Anyone out there know of a genuine recipe for bovine blood wine, please don't think because Im a Brit I've gone all native on the local mead or anything. We the peat-bog brewers are trying to settle a long standing discussion !!!

Many thanks


----------



## Tom

myth..


----------



## Draedan

Many thanks

I will get cracking on the possibilities of mushroom wine now......


----------



## Runningwolf

This is the closest to Mushroom Wine I could find..


Mushrooms Sautéed In Wine
Serves Four

1 lb. mushrooms sliced (any variety or combination)
3 tablespoons unsalted butter
1/3 cup dry red wine
2 tablespoons chopped parsley
1 tablespoon fresh lemon juice
Salt and pepper to taste

In a pan, melt butter over medium high heat. Add mushrooms and sauté until browned and soft. Add wine and continue to stir for 5 minutes. Sprinkle lemon juice and parsley over mushrooms and toss. Add salt and pepper to taste. Serve immediately. 

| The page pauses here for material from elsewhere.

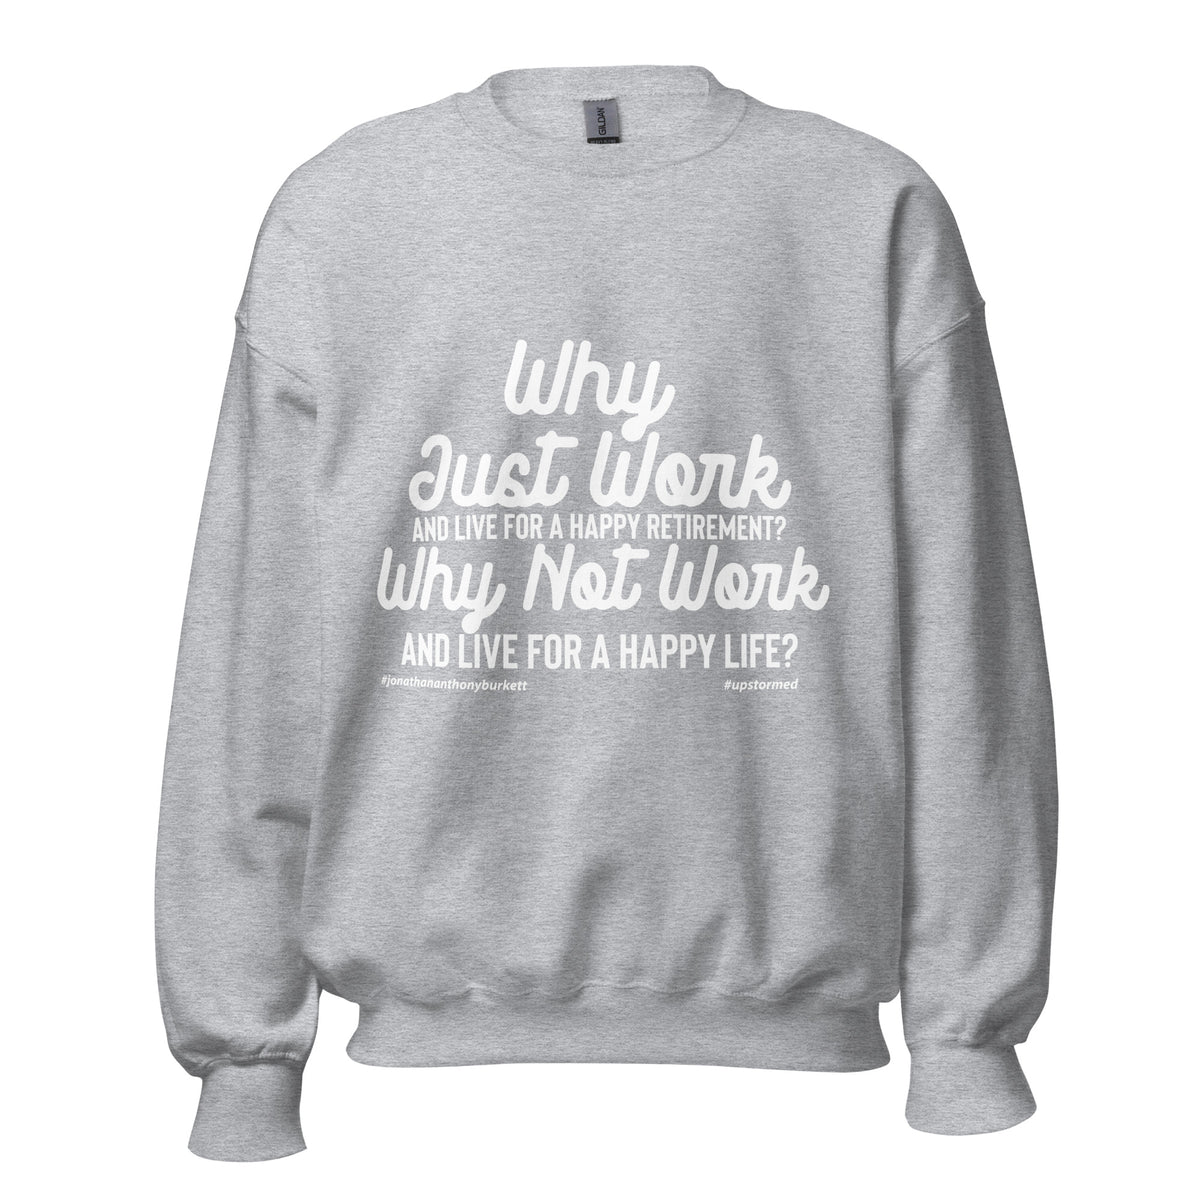 Why Just Work And Live For A Happy Retirement Upstormed Sweatshirt
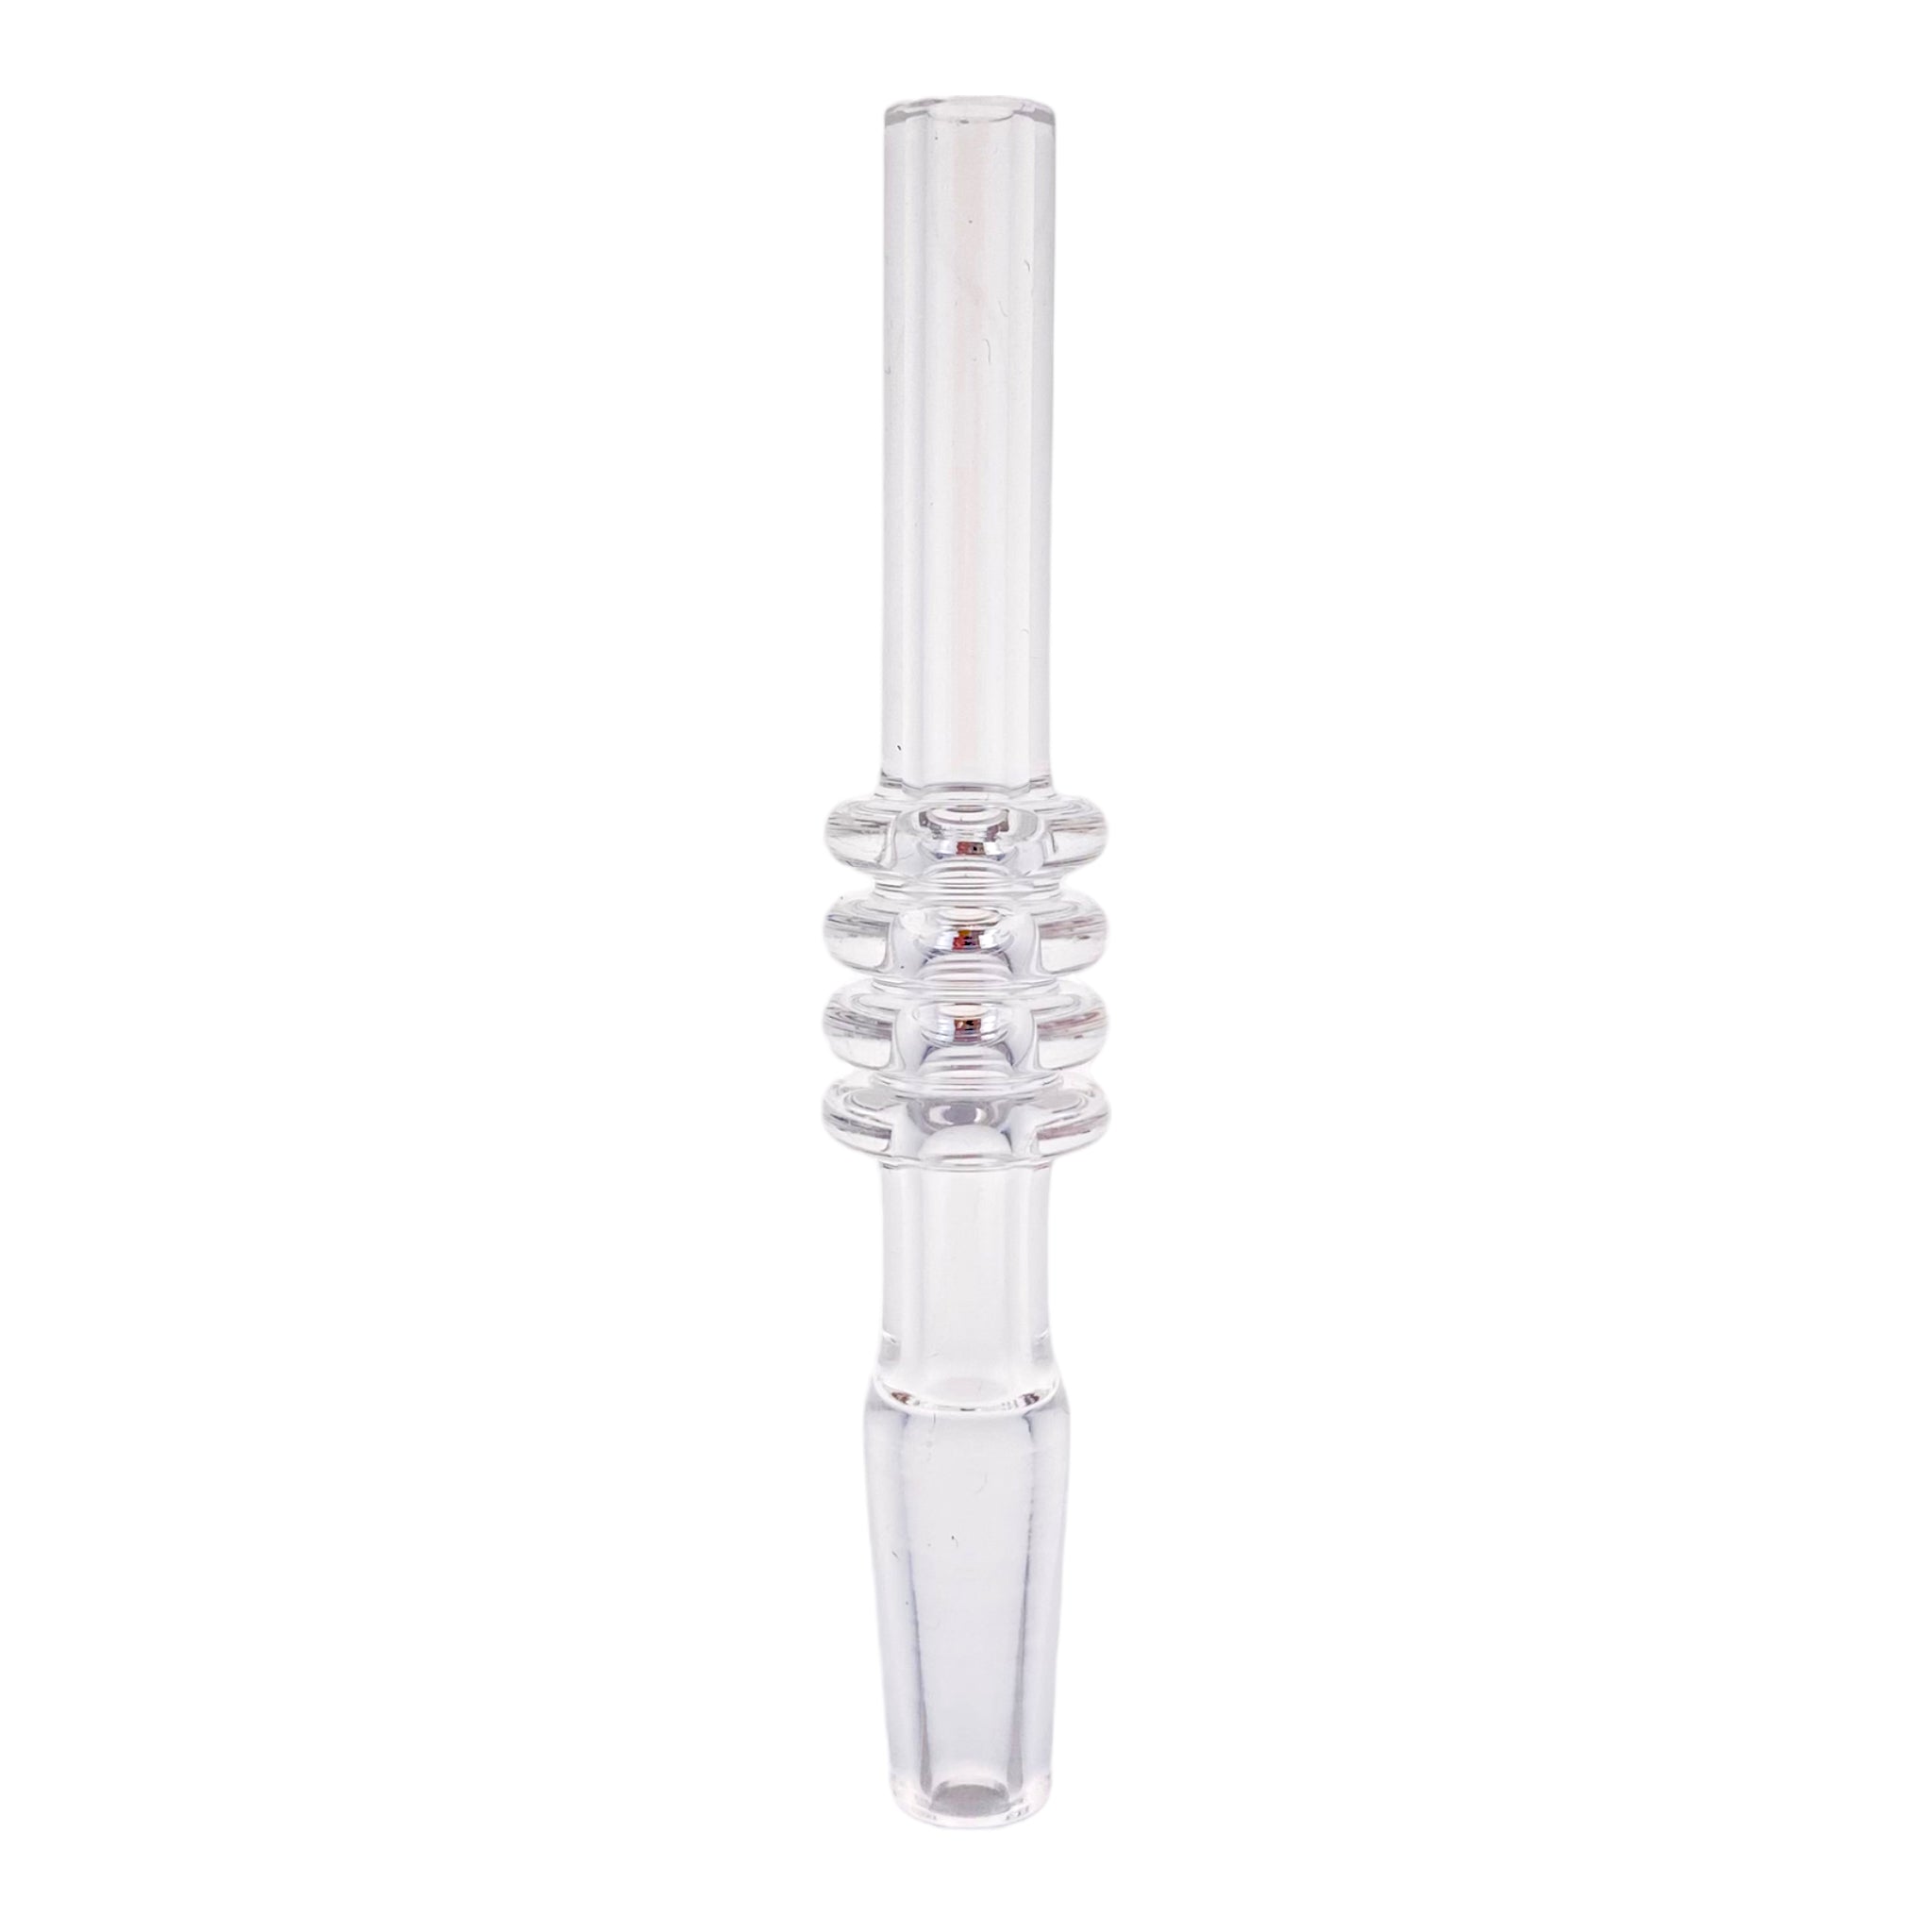 10mm Quartz Nectar Collector Replacement Tip for sale

A variation on the traditional mushrooms sautéed in wine is a recipe that also includes beef stock and shallots. The result is a tremendously rich blend of flavors that is the perfect addition for even the finest of steaks


----------



## Runningwolf

Tom said:


> myth..



*Tom, do your research!*

*Bloodwine*
Bloodwine (tlhIngan Hol: 'Iw HIq) is a popular alcoholic beverage among the Klingons, best served warm. As with many Klingon foods and beverages, it is not for the faint of heart. Bloodwine is known to be highly intoxicating, to the point that most non-Klingons are scarcely capable of tolerating it; it is twice as potent as whiskey. (VOY: "The Killing Game, Part II") The first Human known to consume the beverage was Jonathan Archer, while he awaited the verdict of his trial on Narendra III. (ENT: "Judgment") 

Klingon captains and generals were fond of carrying several barrels of their favorite vintages to celebrate victories. Martok considered the vintage of 2309 to be the finest. (DS9: "Treachery, Faith and the Great River", "Once More Unto the Breach", "When It Rains...", "What You Leave Behind"). Worf liked his bloodwine very young and very sweet. (DS9: "Change of Heart") 

Constable Odo found it a pity that bloodwine had no bubbles


----------



## Truebrew

Anyone know a Klingon willing to share???


----------



## closetwine

LOL! I don't know any Klingon's off the top of my head.

I read/heard somewhere that bovine blood wine was actually the blood mixed into an already made wine... Don't remember where I saw that though....


----------



## Sirs

sounds about right other than I know Dan was right on the klingon blood wine but think about it people have mixed blood with all kinds of things for special rituals and such. not to mention it is probly drank in countries that still drink blood as I know there are still a few far and between


----------



## ibglowin

Red Shirted Trekkie!


----------



## Celestyal

Runningwolf said:


> *Tom, do your research!*
> 
> *Bloodwine*
> Bloodwine (tlhIngan Hol: 'Iw HIq) is a popular alcoholic beverage among the Klingons, best served warm. As with many Klingon foods and beverages, it is not for the faint of heart. Bloodwine is known to be highly intoxicating, to the point that most non-Klingons are scarcely capable of tolerating it; it is twice as potent as whiskey. (VOY: "The Killing Game, Part II") The first Human known to consume the beverage was Jonathan Archer, while he awaited the verdict of his trial on Narendra III. (ENT: "Judgment")
> 
> Klingon captains and generals were fond of carrying several barrels of their favorite vintages to celebrate victories. Martok considered the vintage of 2309 to be the finest. (DS9: "Treachery, Faith and the Great River", "Once More Unto the Breach", "When It Rains...", "What You Leave Behind"). Worf liked his bloodwine very young and very sweet. (DS9: "Change of Heart")
> 
> Constable Odo found it a pity that bloodwine had no bubbles



Best. Answer. Ever!


----------



## JohnT

NOT A MYTH! 

There is a Hungarian wine called "Bull's Blood" (or Bikovar, in Hungarian). 

That's the good news, 

The bad news is that it, in no way, contains any blood. It is just a very dark, very rich, very full bodied wine. (oh yes, and it is made from grapes).

johnT.


----------